Work instructions: What you return should match the listing exactly, minus its images.

Information provided:
>>>>>

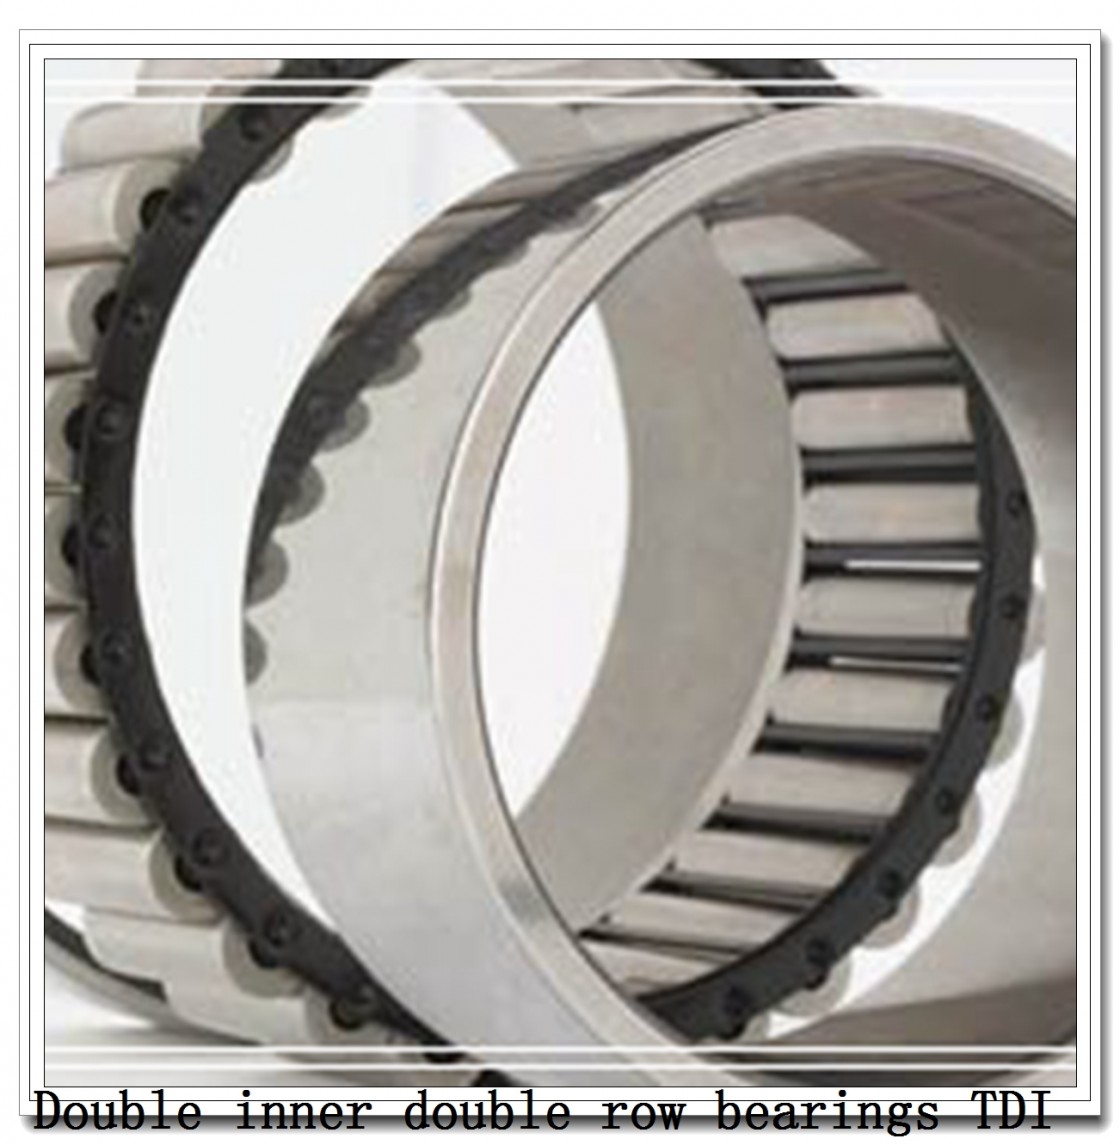 1040TDO1290-1 Double inner double row bearings TDI
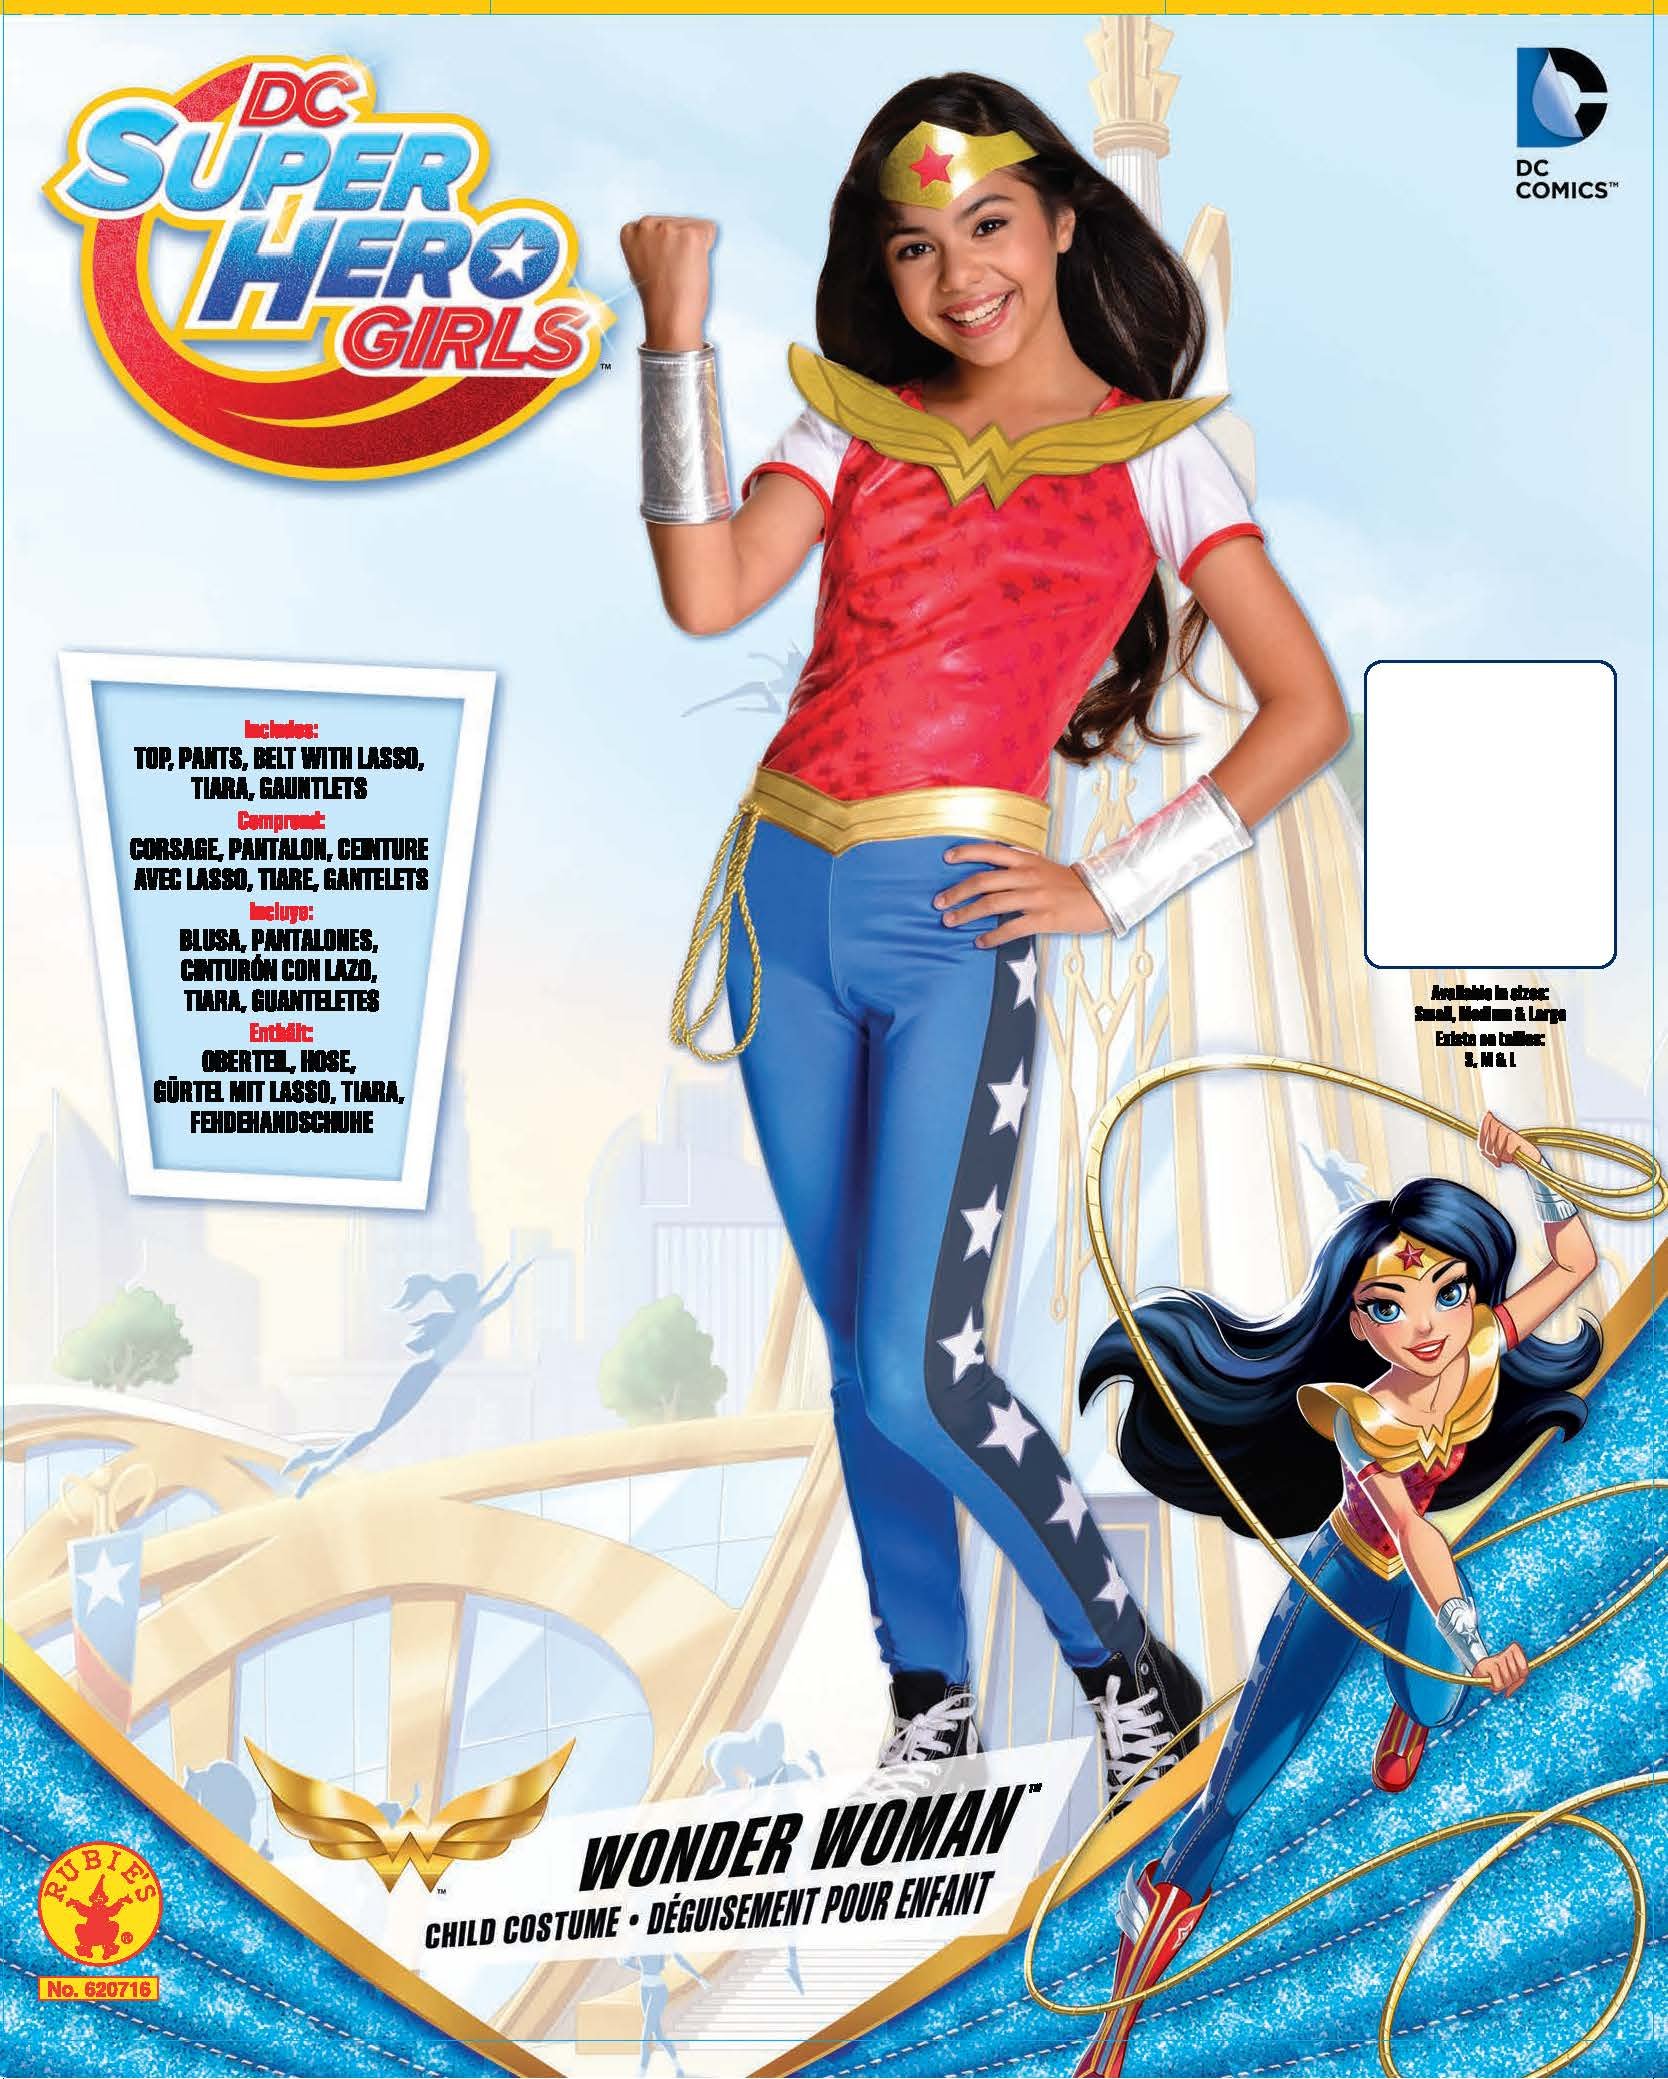 Rubie's Costume Kids DC Superhero Girls Deluxe Wonder Woman Costume Red/Blue, Small
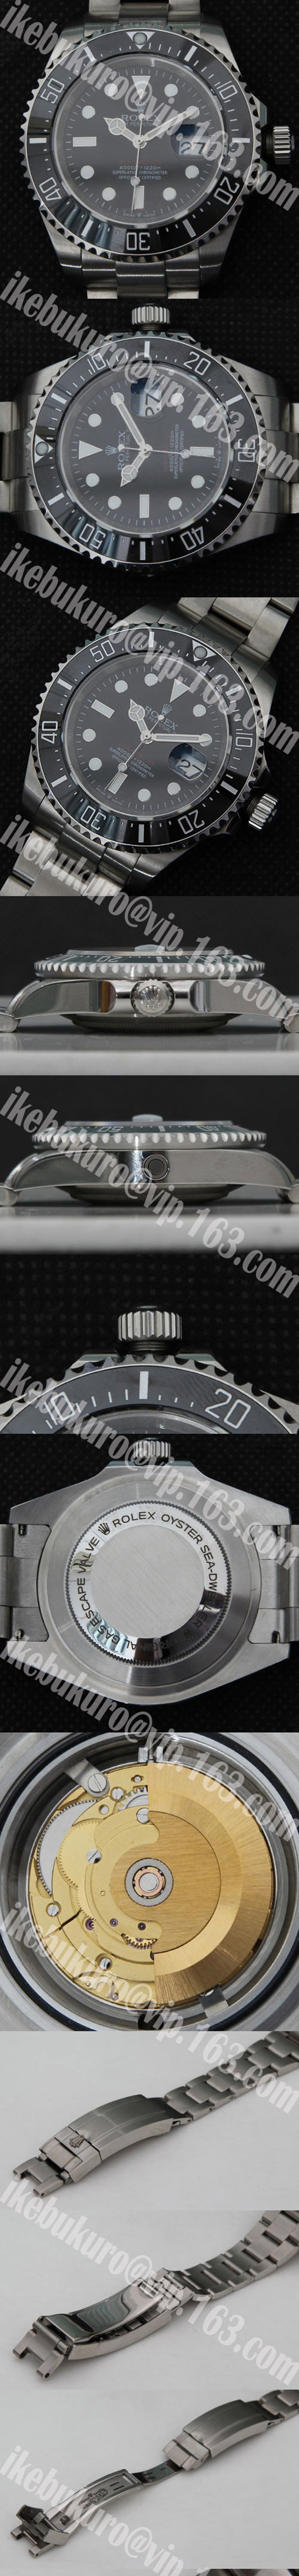 Rolex激安腕時計 シードゥエラーコピー時計Ref.126600 【シルバーホワイト 】

<<<<<

Result of the task:
 1040TDO1290-1 Double inner double row bearings TDI
 Rubie's Costume Kids DC Superhero Girls Deluxe Wonder Woman Costume Red/Blue, Small
 Rolex激安腕時計 シードゥエラーコピー時計Ref.126600 【シルバーホワイト 】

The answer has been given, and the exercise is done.